### What you should do
Transcribe exactly, and without pictures, only the lines from the one bearing "Fender Tele American" through the final line of the data below.

### Information provided
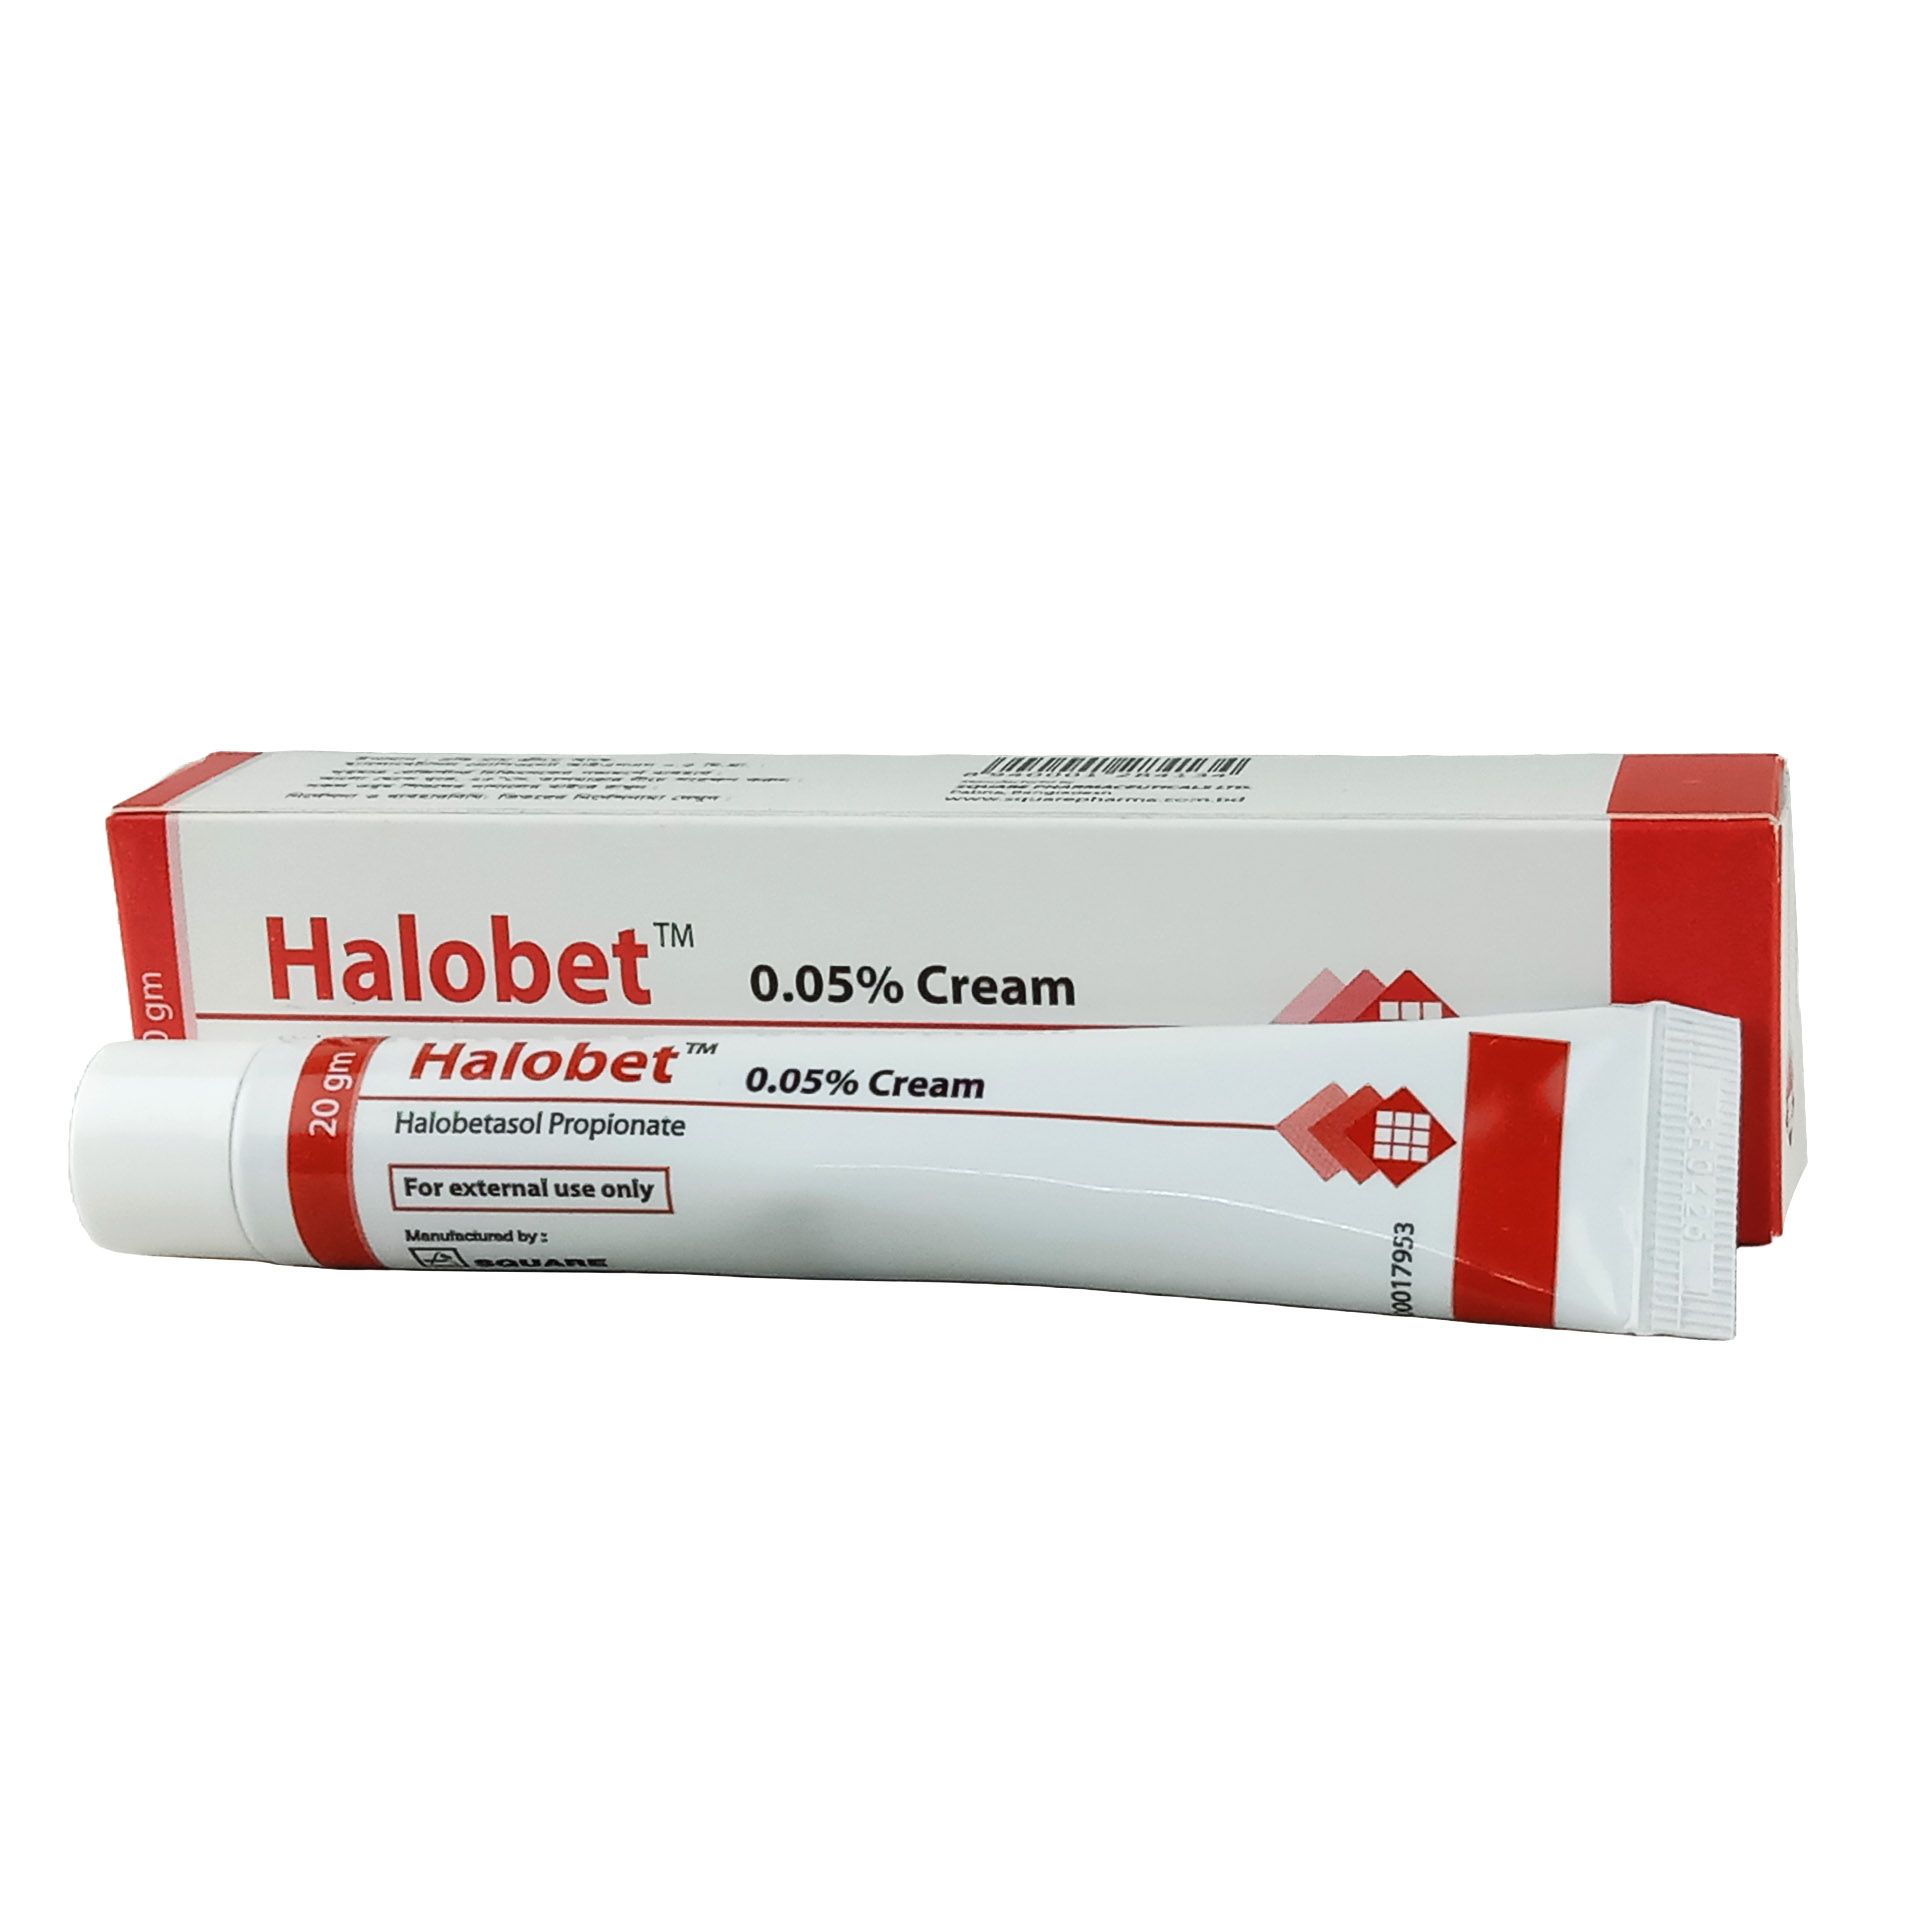 Halobet Cream 0.05% Cream
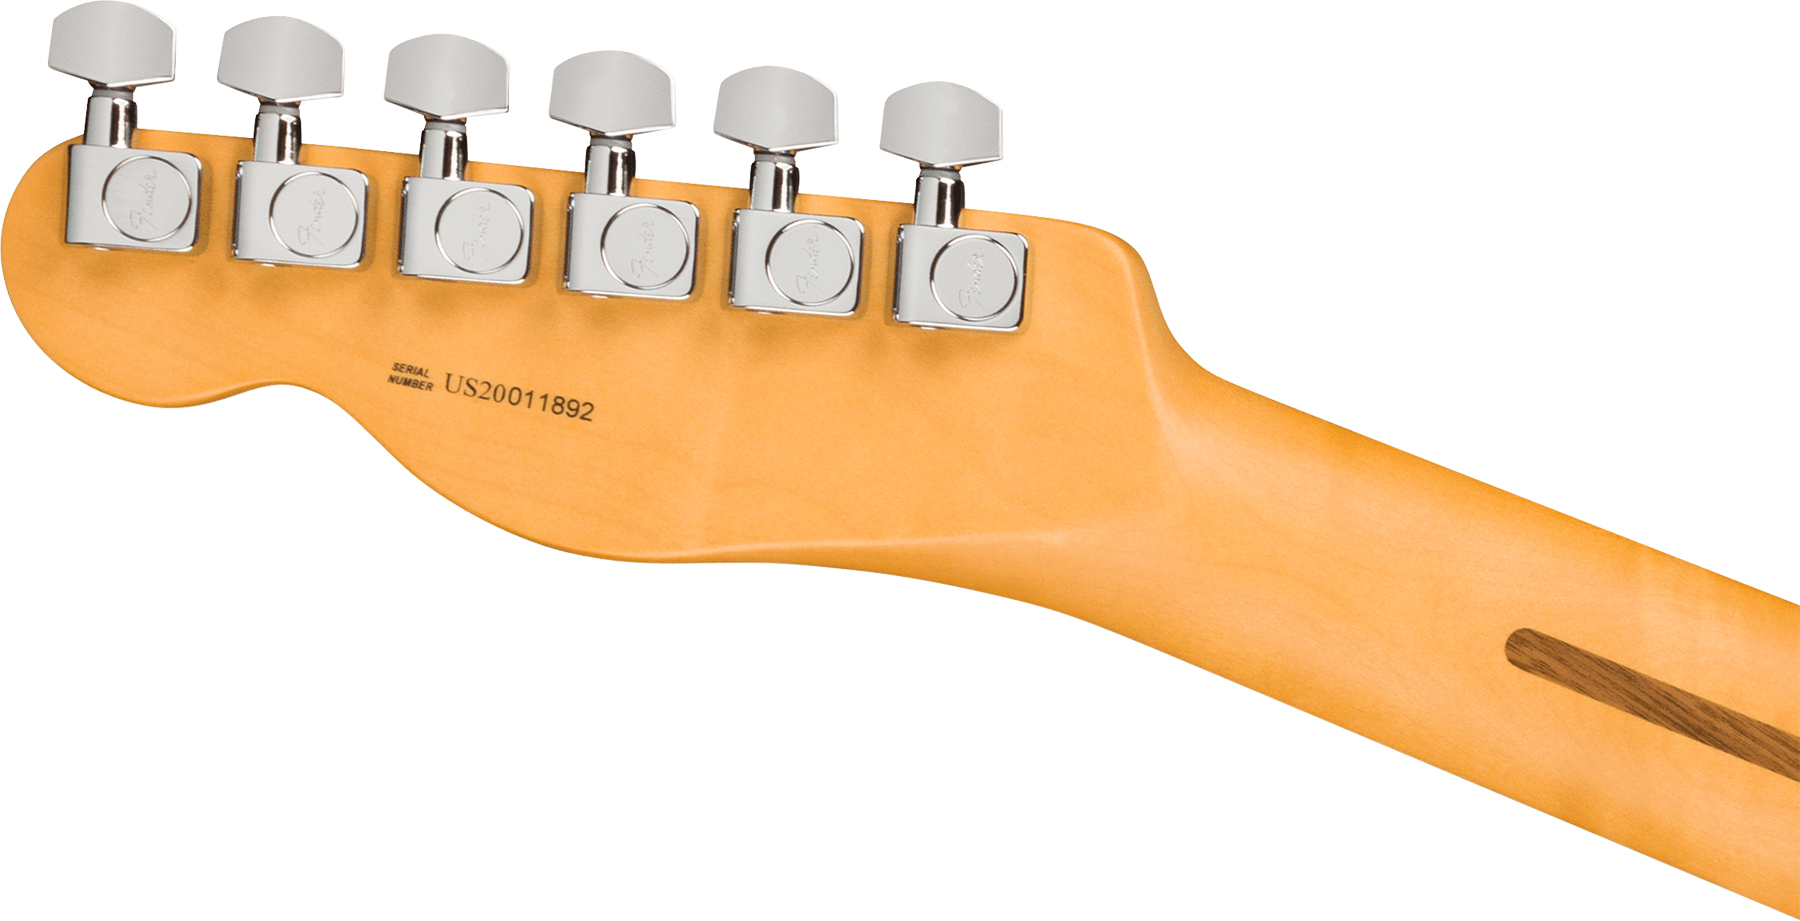 Fender Tele American Professional Ii Usa Mn - Black - Guitarra eléctrica con forma de tel - Variation 2
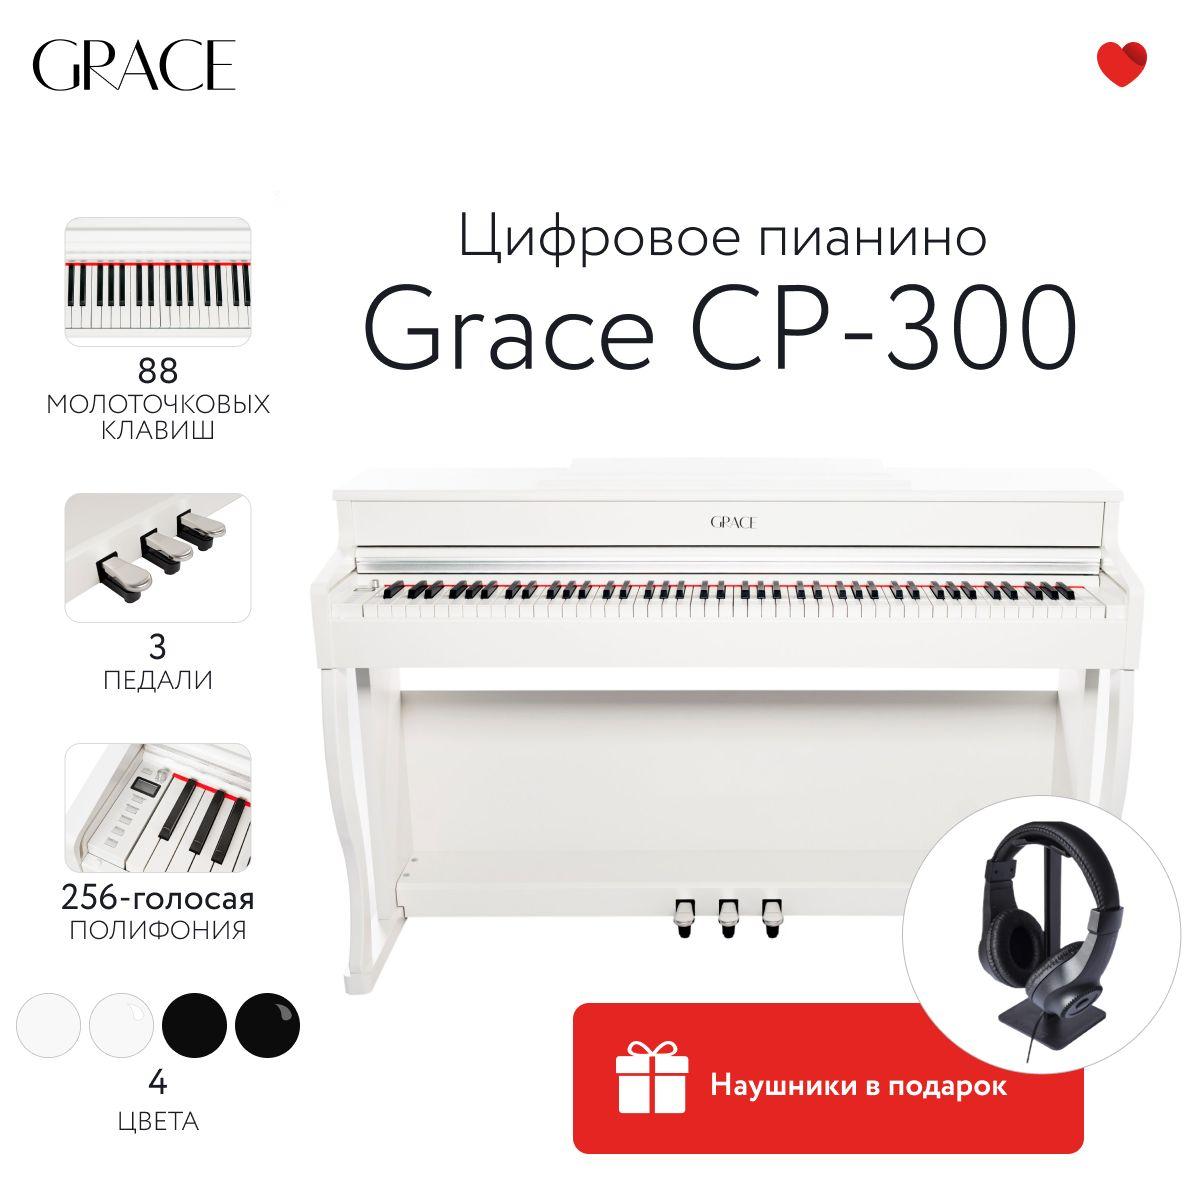 Grace CP-300 WH - Цифровое пианино в корпусе с тремя педалями

### Answer below
 Fender Tele American Professional Ii Usa Mn - Black - Guitarra eléctrica con forma de tel - Variation 2
 Grace CP-300 WH - Цифровое пианино в корпусе с тремя педалями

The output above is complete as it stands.